I admit I only skimmed the video but if you watch the external recording videos it's clear a big heat source is writing to the cards. He seems to be claiming unlimited 8k recording which to test requires currently unavailable cards.
 
There was a thread yesterday. Wasn't there?

How is he getting the times he seems to be getting for 8K raw when the biggest cards out there can't do two hours?
One way is to record until the card is full, format the card and start recording again. This would be a break in recording of only 30 seconds or less which is negligible to the purpose of the exercise.
 
I encourage you all to modify your R5's and run them to the max. Step up or stop posting this nonsense. Did you not read the response from Canon when this was trolled to death?
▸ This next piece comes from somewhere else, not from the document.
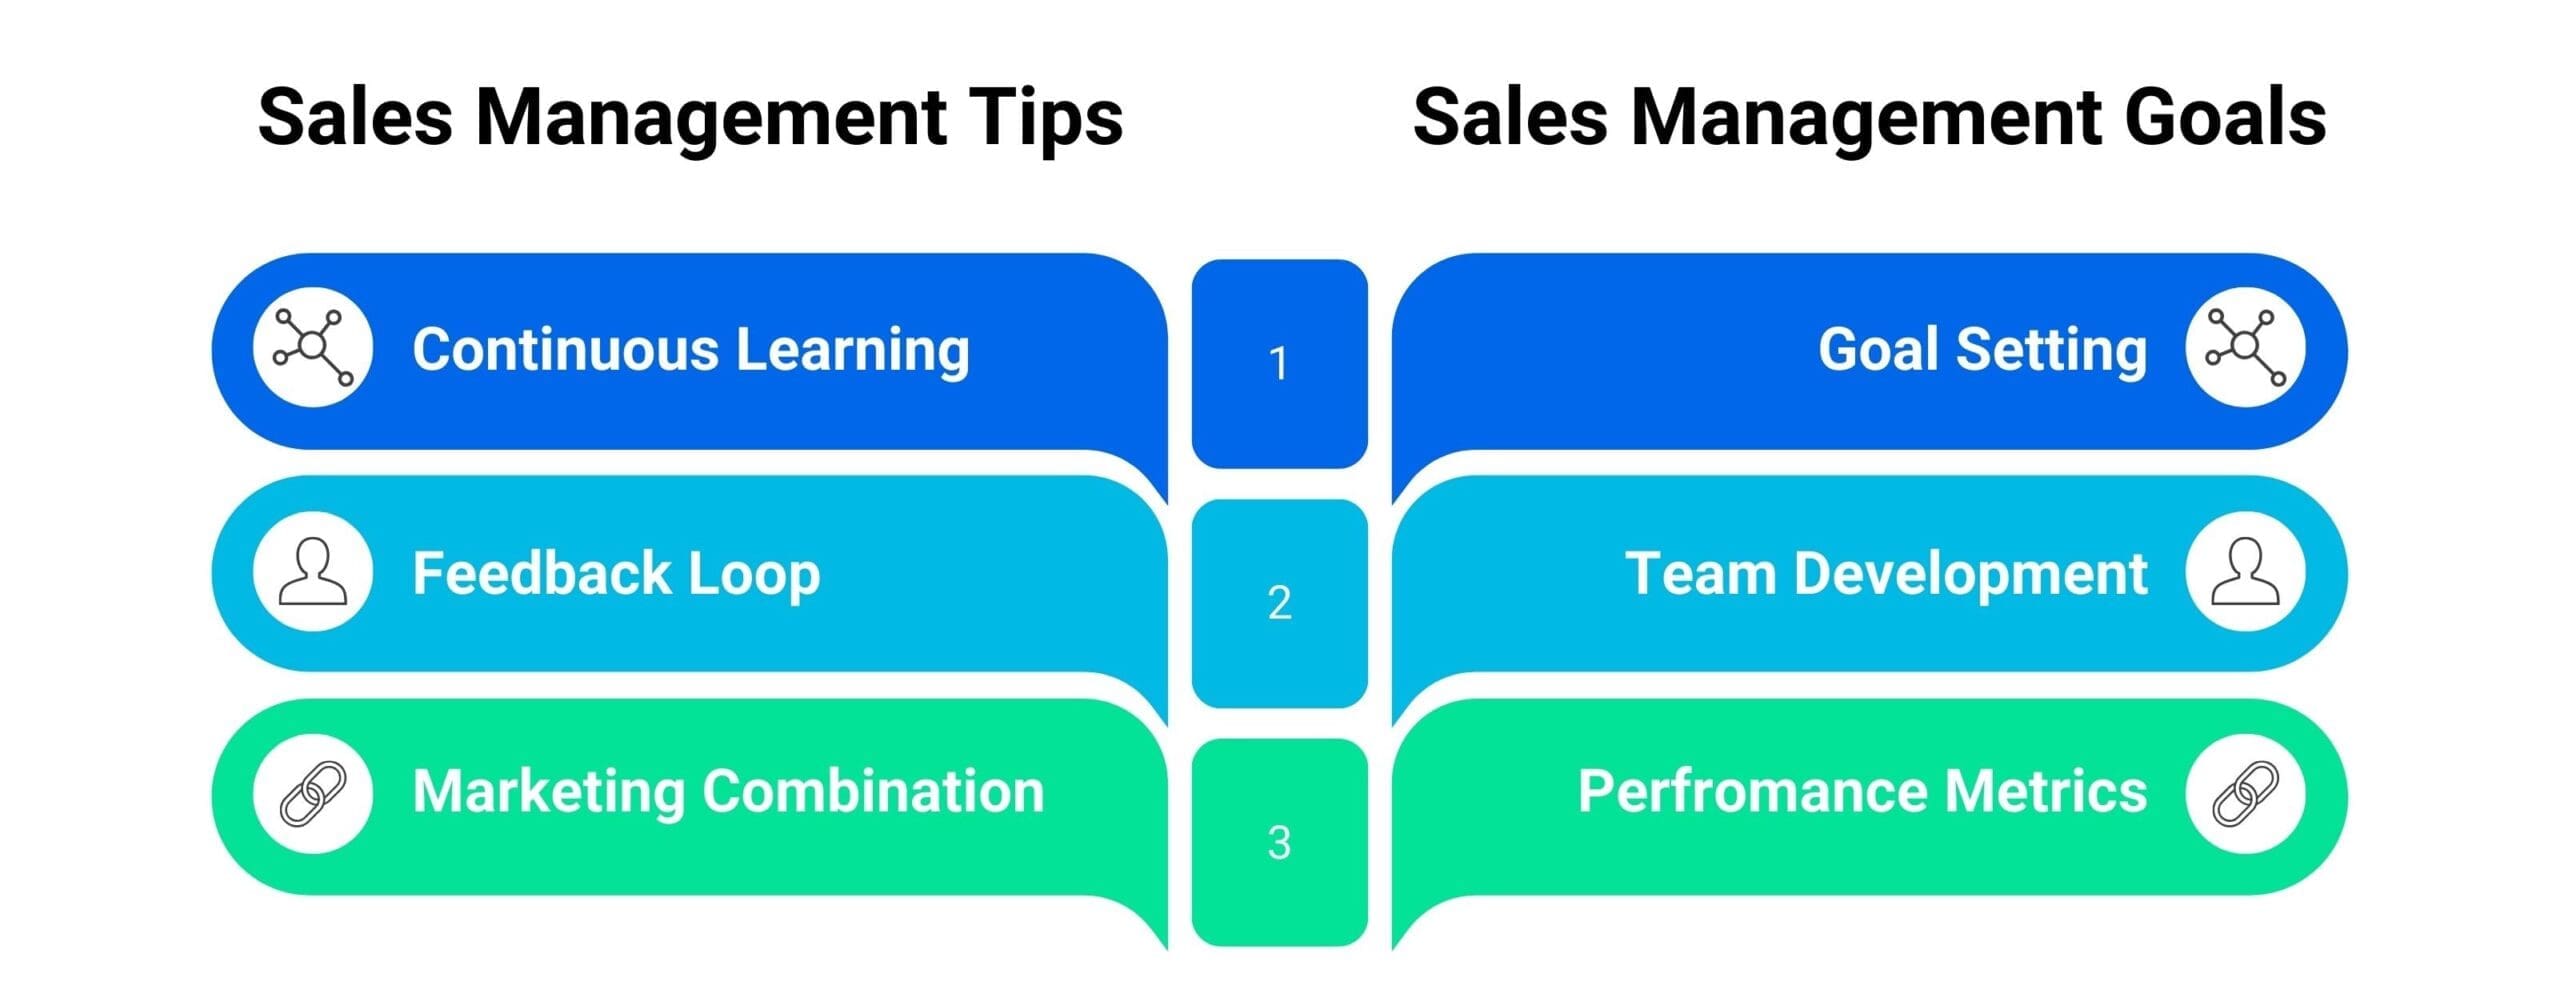 Sales Management Tips and Goals

A lot of people will modify their R5s. Count on it. I expect this mod will eventually be offered as a service by a few places. How is the content of this video been "trolled to death" when it was uploaded yesterday? This guy is the first I have seen take this type of approach for a cooling solution. I can see where this approach can be further refined and be done for low cost while still retaining weather sealing and no external modification to the shell being necessary. In fact, I say this guy's work shows without a doubt that Canon intentionally decided to not address the R5s heat issues. Especially so considering the simplicity and very low cost of his solution. Canon can design a complicated device like the R5 and then fail to add $10 worth of parts that solves a heating problem they knew existed? Canon's engineers aren't this incompetent.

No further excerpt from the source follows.